Getting the mean of the distribution.

In [16]:
# get mean difficulty score for each apparatus
mean_apparatus_diff_score = diff_apparatus_score_df.groupby(['Apparatus'])[('Diff')].mean()
print("Mean Apparatus Difficulty Scores")
mean_apparatus_diff_score

### 2.9 Execution Scores: Same Procedure as Difficulty Scores

In [17]:
# get mean execution score for each apparatus
exec_apparatus_score_df = gymnastics_df[['Apparatus', 'Exec']].copy()
exec_apparatus_score_df.head(10)

exec_apparatus_score_df.sort_values('Apparatus')

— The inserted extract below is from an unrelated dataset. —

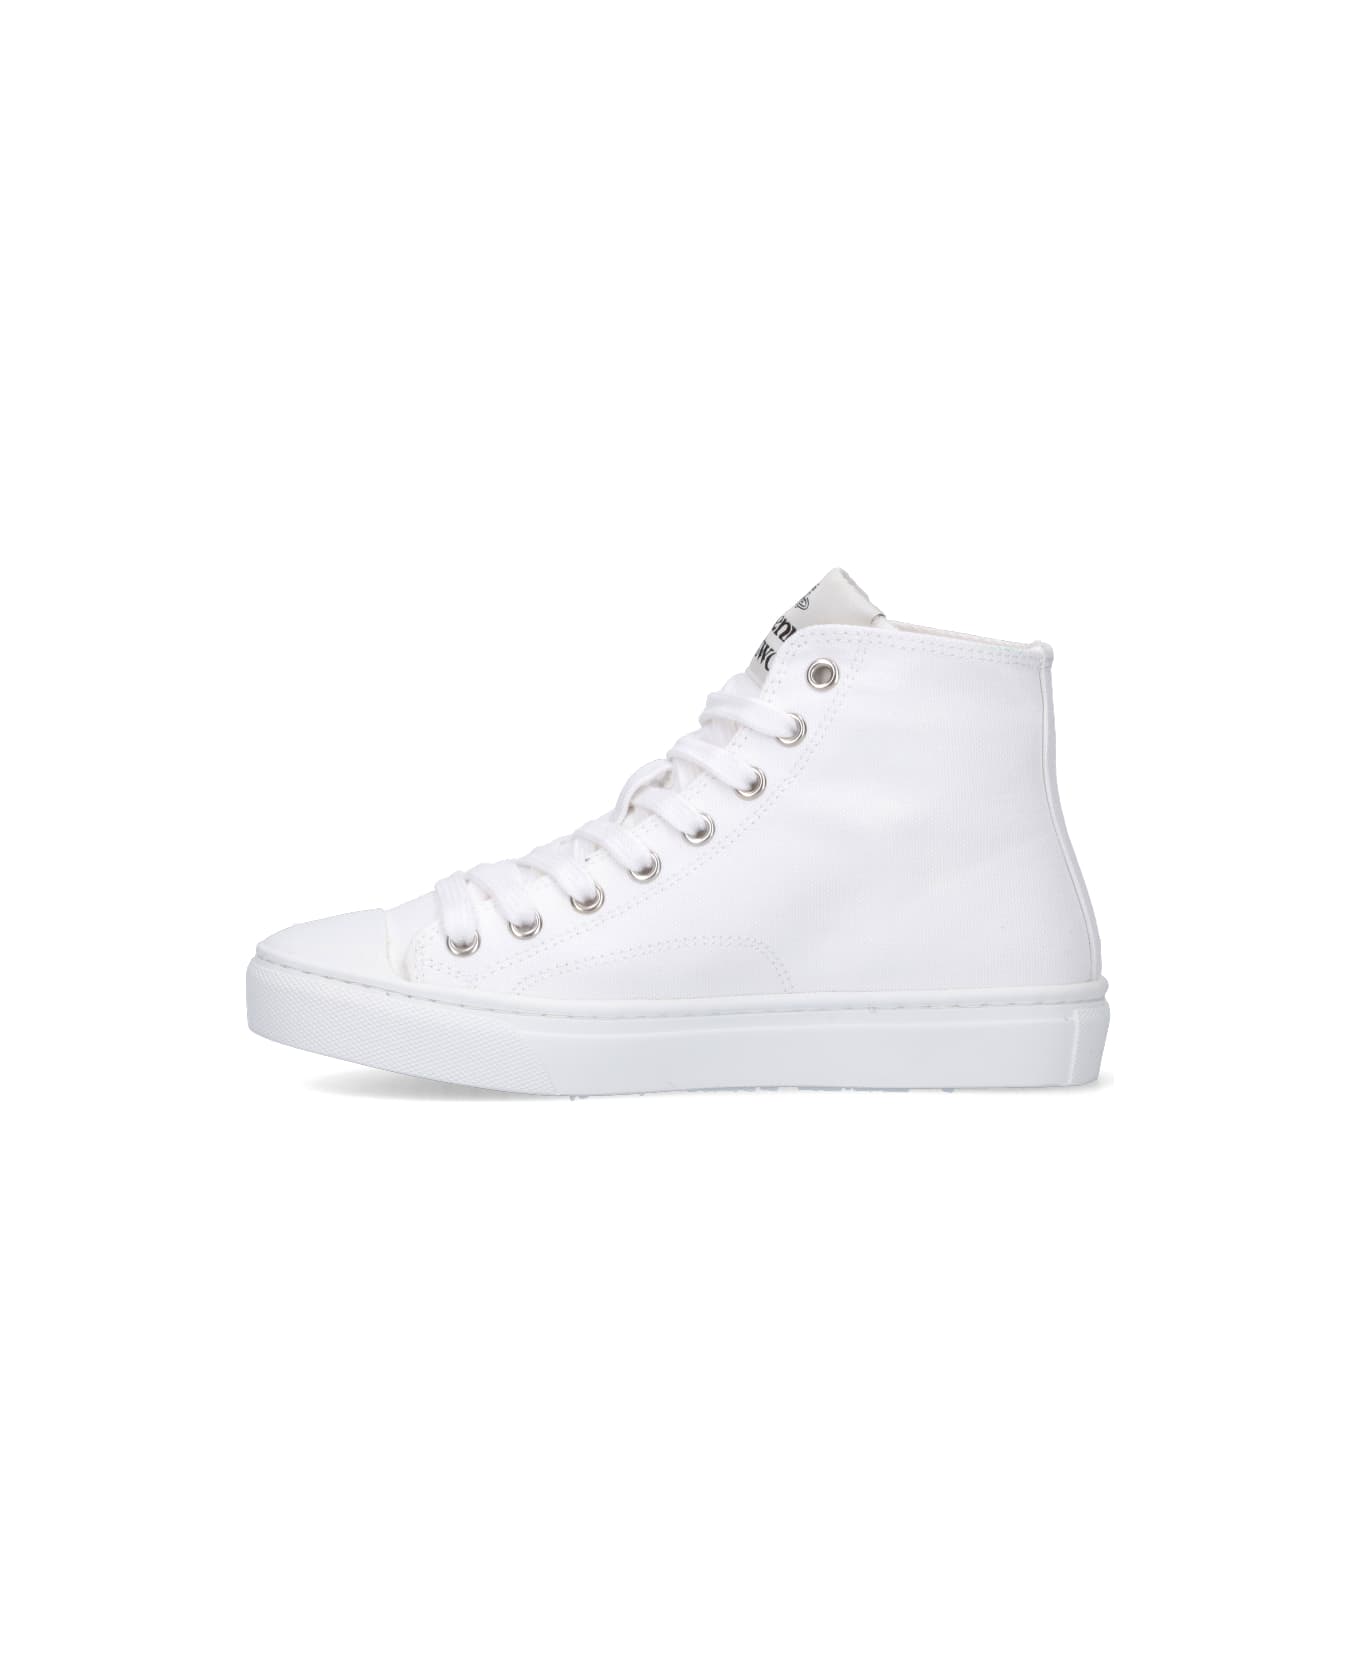 Vivienne Westwood 'orb' High-top Sneakers - White

mean_apparatus_exec_score = exec_apparatus_score_df.groupby(['Apparatus'])['Exec'].mean()
print("Average Apparatus Execution Scores")
mean_apparatus_exec_score

In [18]:
# get maximum execution score for each apparatus
max_apparatus_exec_score = exec_apparatus_score_df.groupby(['Apparatus'])['Exec'].max()
print("Maximum Apparatus Execution Scores")
max_apparatus_exec_score

In [19]:
# get minimum execution score for each apparatus
min_apparatus_exec_score = exec_apparatus_score_df.groupby(['Apparatus'])[('Exec')].min()
print("Minimum Apparatus Execution Scores")
min_apparatus_exec_score

In [20]:
mean_apparatus_score.plot(title='Mean Score per Apparatus')
plt.show()

### 3.1 Execution Scores Vs. Difficulty Scores

I wanted to see the relationship between the Execution and Difficulty Scores. In these plots, Execution Scores are in blue and on the top, and the Difficulty Scores are in orange and on the bottom.

In [14]:
mean_apparatus_exec_score.plot(title="Execution Score Vs. Difficulty Score")
mean_apparatus_diff_score.plot()
plt.show()

In [15]:
max_apparatus_exec_score.plot()
max_apparatus_diff_score.plot()
plt.show()

In [16]:
min_apparatus_exec_score.plot()
min_apparatus_diff_score.plot()
plt.show()

Based on these graphs, the highest scoring routines depended on a high difficulty and high execution scores. Although there wer routinse with low difficulty scores that scored high execution scores (Zachary Clay, 9.3000 for vault, with difficulty score of 4.8), their ranking was not high. Also, there were gymnasts who did have particularly high scores for one event and lower scores for other events. For example, Ferhat Arican was outside of top-12 in all events but Parrallel Bars, where he had high difficulty and execution scores and did get into top-8 in the individual event as well.